Hence show that \(\ln (1.2)\) lies between \(\frac{1}{m}\) and \(\frac{1}{n}\), where \(m\), \(n\) are consecutive positive integers to be determined.

\(f'(x) = \frac{1}{x}\)    (A1)

using the MVT \(f'(c) = \frac{{f(b) - f(a)}}{{b - a}}\) (where \(c\) lies between \(a\) and \(b\))     (M1)

\(f'(c) = \frac{{\ln b - \ln a}}{{b - a}}\)    A1

\(\ln \frac{b}{a} = \ln b - \ln a\)    (M1)

\(f'(c) = \frac{{\ln \frac{b}{a}}}{{b - a}}\)

since \(f'(x)\) is a decreasing function or \(a < c < b \Rightarrow \frac{1}{b} < \frac{1}{c} < \frac{1}{a}\)     R1

\(f'(b) < f'(c) < f'(a)\)    (M1)

\(\frac{1}{b} < \frac{{\ln \frac{b}{a}}}{{b - a}} < \frac{1}{a}\)    A1

\(\frac{{b - a}}{b} < \ln \frac{b}{a} < \frac{{b - a}}{a}\)    AG

[7 marks]

putting \(b = 1.2,{\text{ }}a = 1\), or equivalent     M1

\(\frac{1}{6} < \ln 1.2 < \frac{1}{5}\)    A1

\((m = 6,{\text{ }}n = 5)\)

[2 marks]

Although many candidates achieved at least a few marks in this question, the answers revealed difficulties in setting up a proof.
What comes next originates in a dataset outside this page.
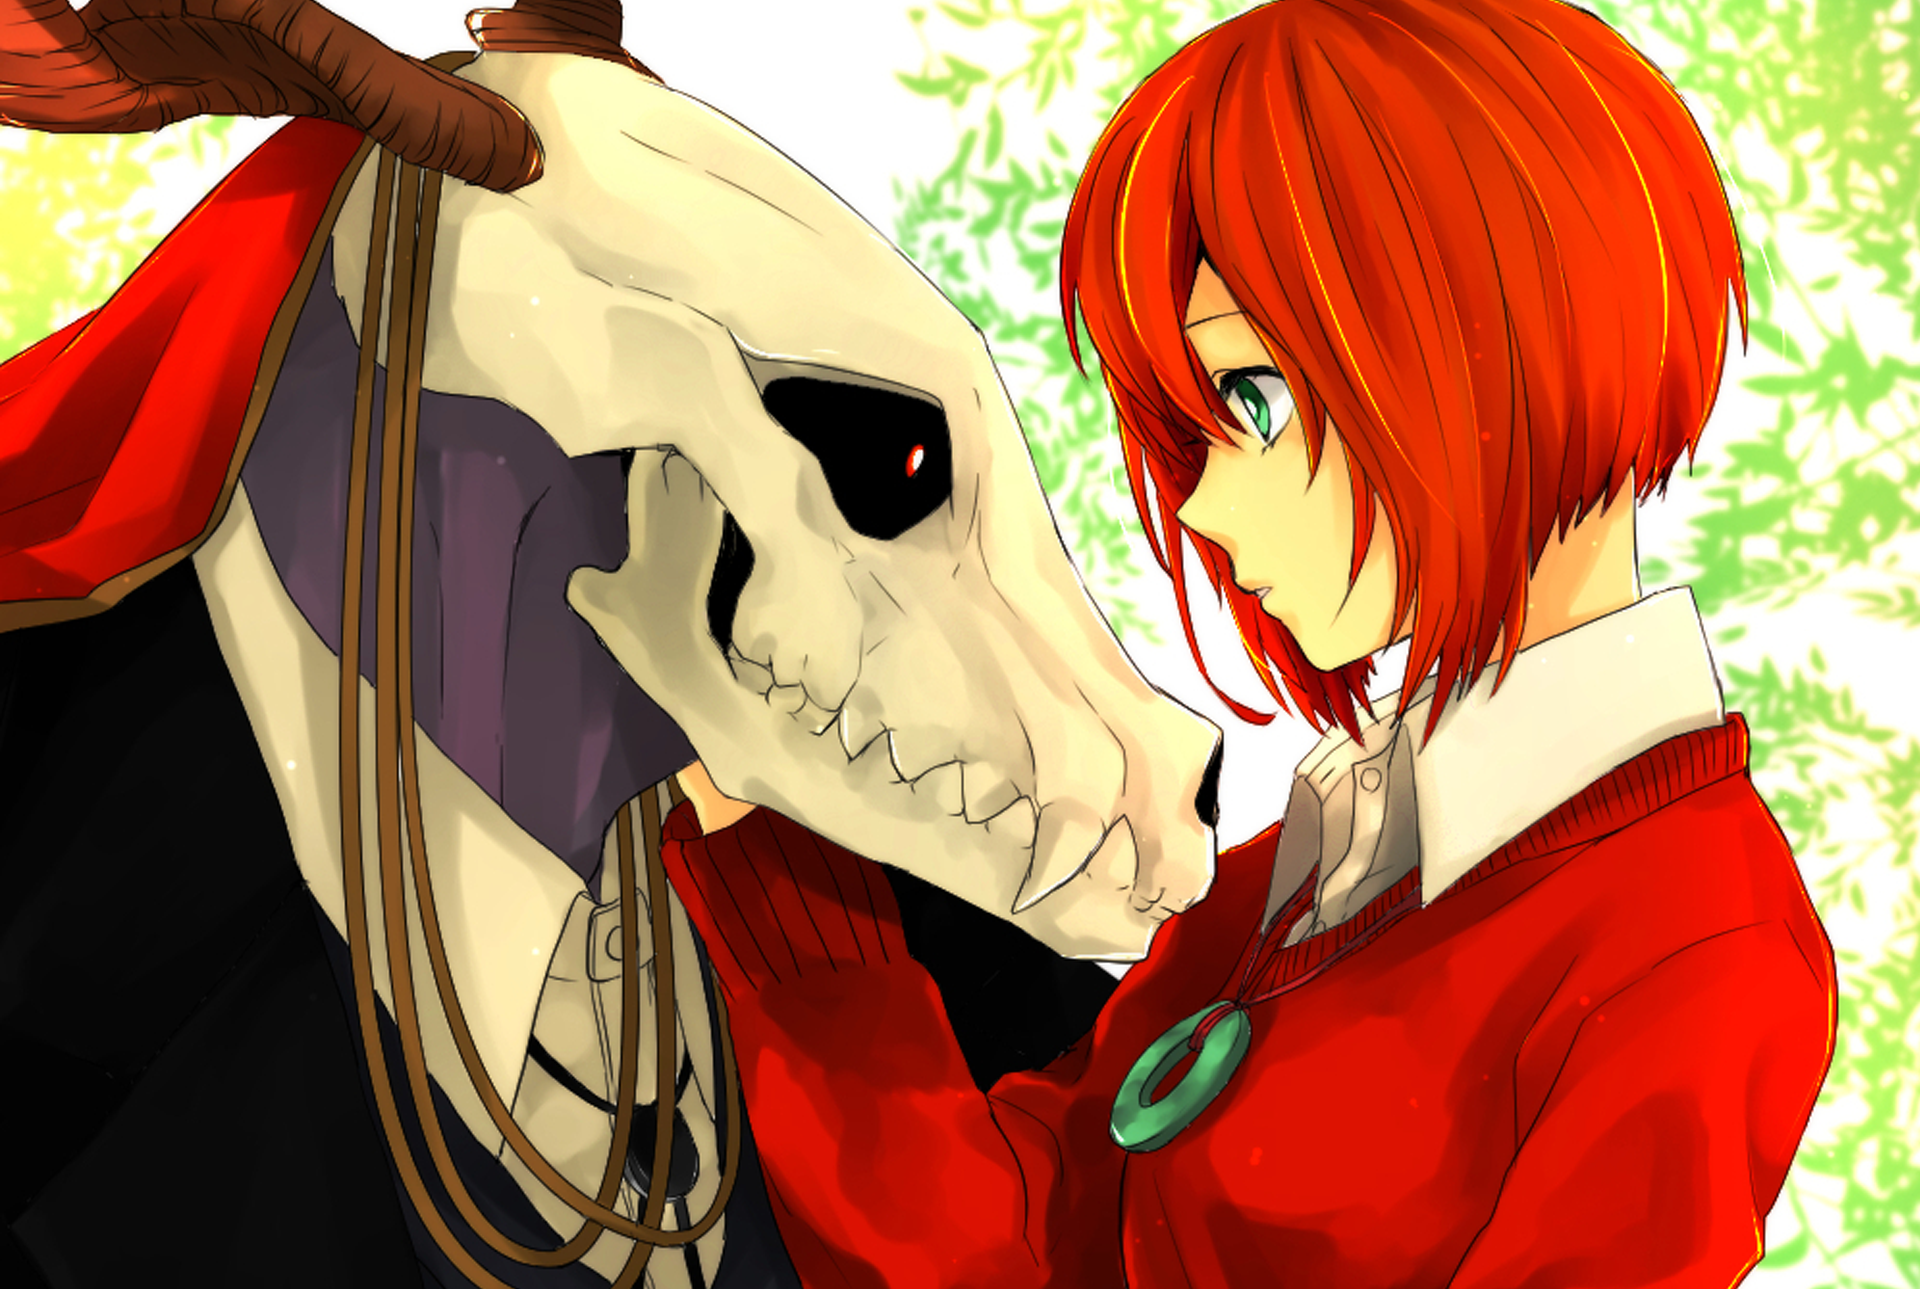 The Ancient Magus' Bride HD Wallpaper

The Mean value theorem was poorly quoted and steps were often skipped. The conditions under which the Mean value theorem is valid were largely ignored, as were the reasoned steps towards the answer.

There were inequalities everywhere, without a great deal of meaning or showing progress. A number of candidates attempted to work backwards and presented the work in a way that made it difficult to follow their reasoning; in part (b) many candidates ignored the instruction ‘hence’ and just used GDC to find the required values; candidates that did notice the link to part a) answered this question well in general. A number of candidates guessed the answer and did not present an analytical derivation as required.